Task details: The copy you return must match the listing word for word and carry no pictures.

[[ Input data open ]]

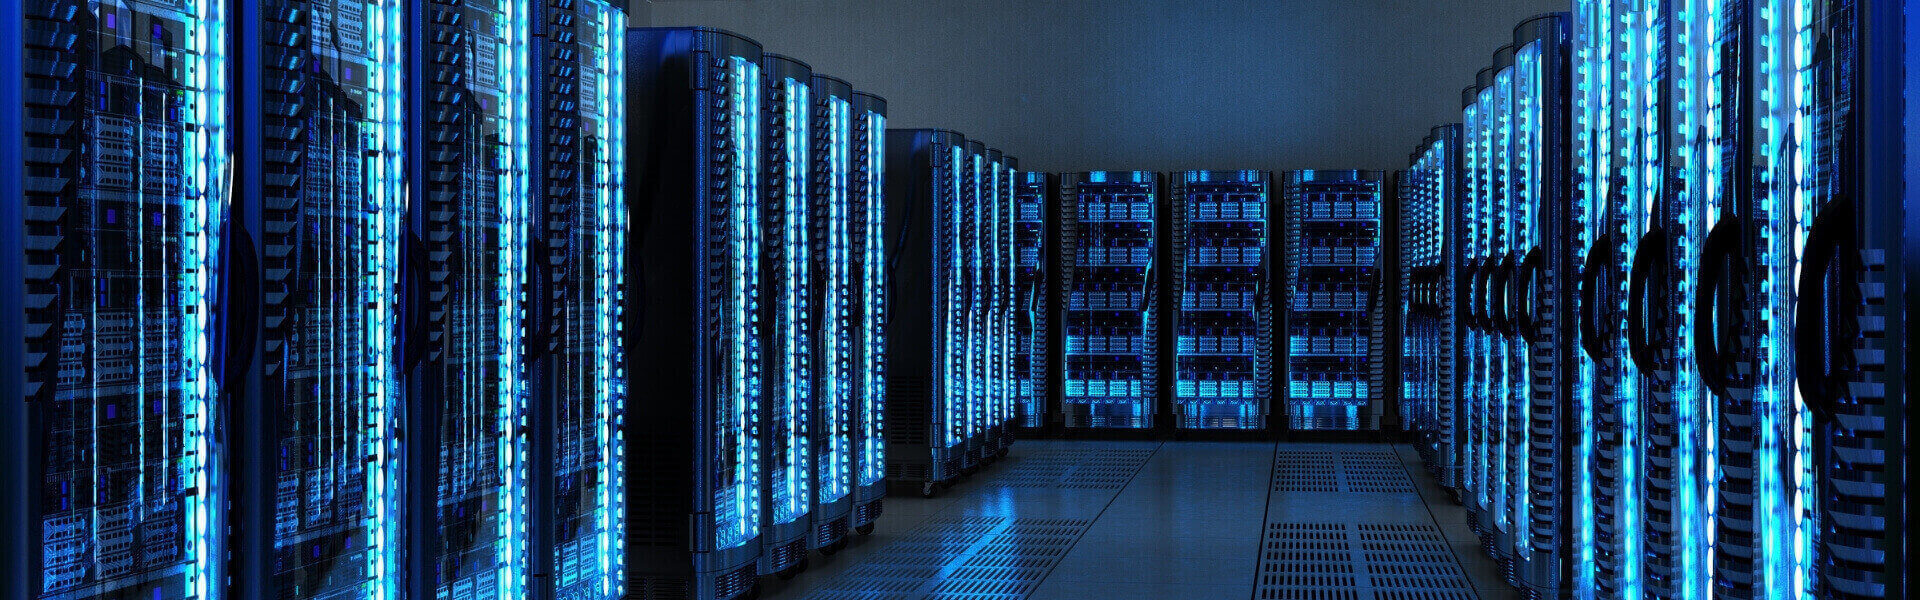 Background image of a data centre
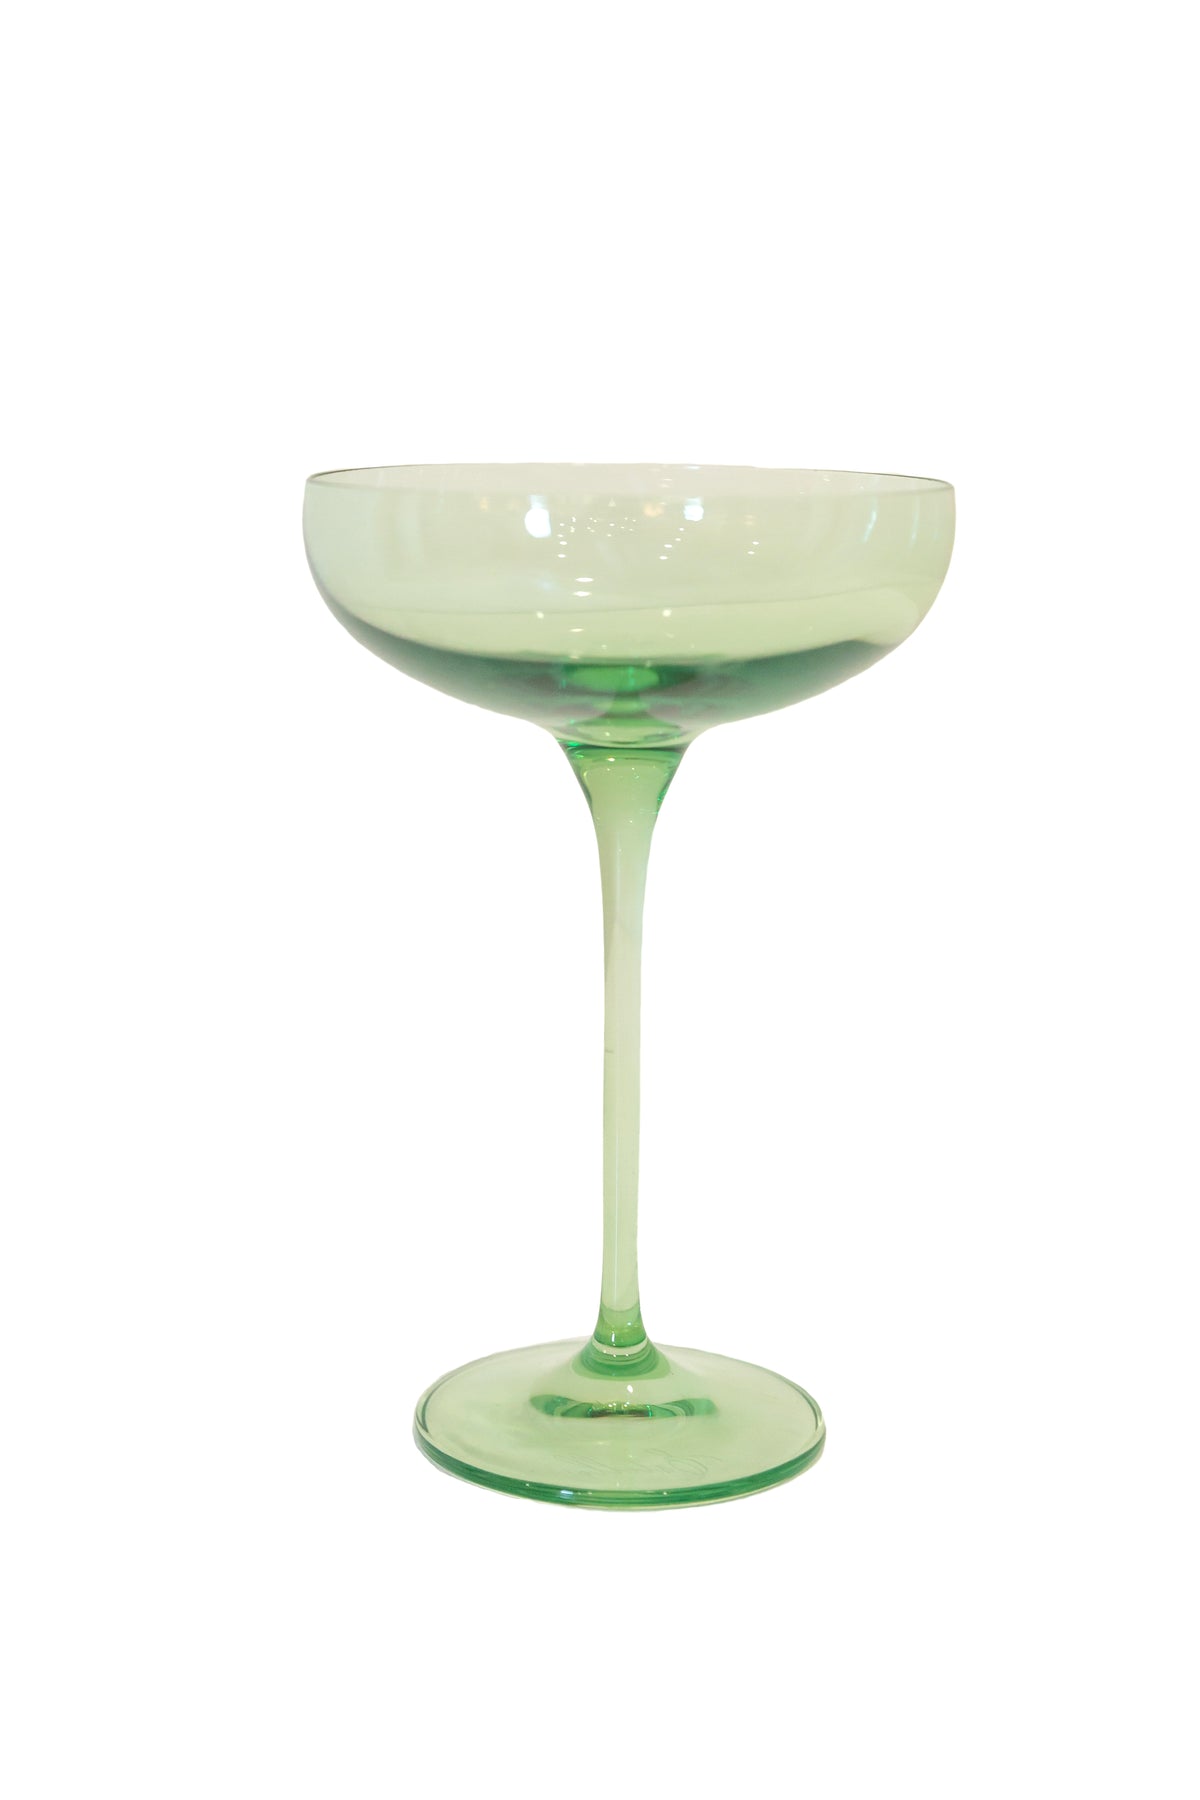 Champagne Coupe Stemware, Set of 6 Mint Green
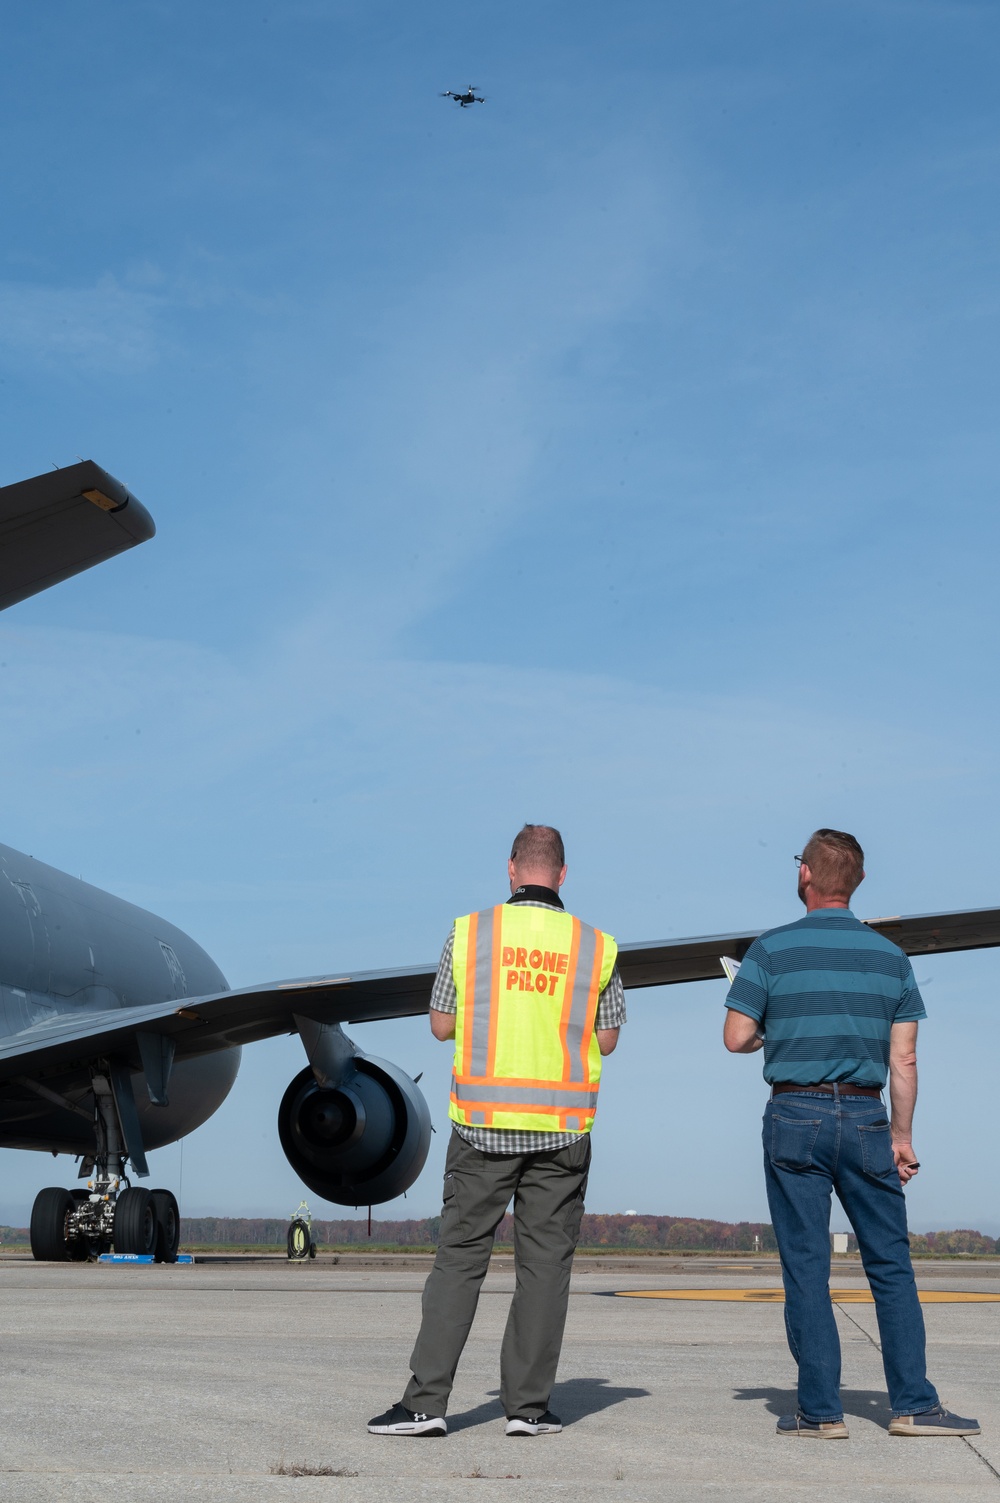 Eye in the sky: SUAS program takes flight at Dover AFB
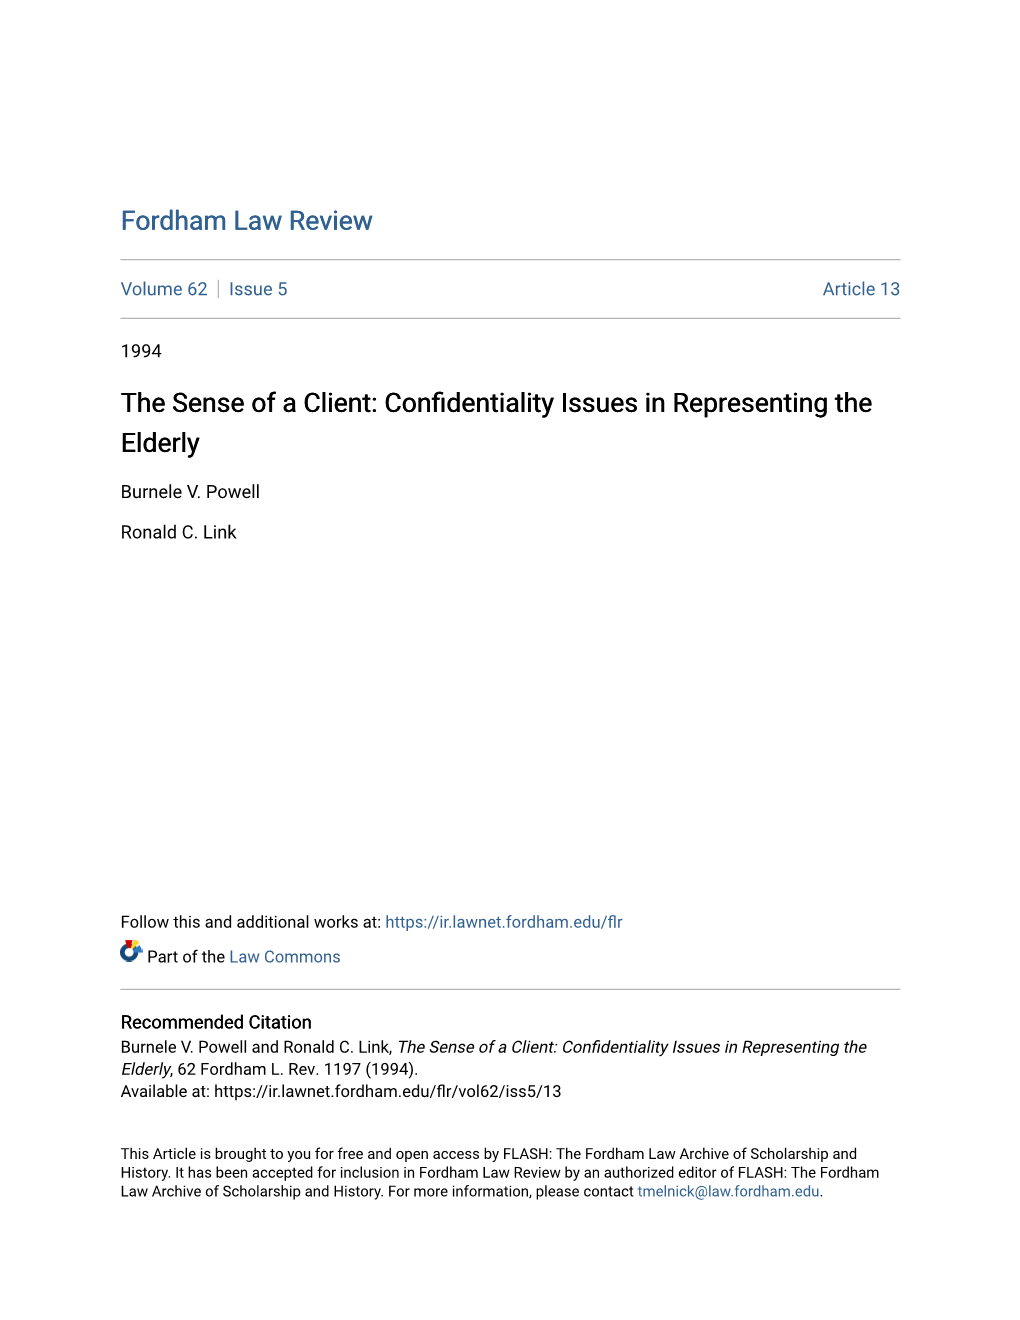 The Sense of a Client: Confidentiality Issues in Representing the Elderly

[[ Input data closed ]]

Answer box:
 Background image of a data centre
 Champagne Coupe Stemware, Set of 6 Mint Green
 Eye in the sky: SUAS program takes flight at Dover AFB
 The Sense of a Client: Confidentiality Issues in Representing the Elderly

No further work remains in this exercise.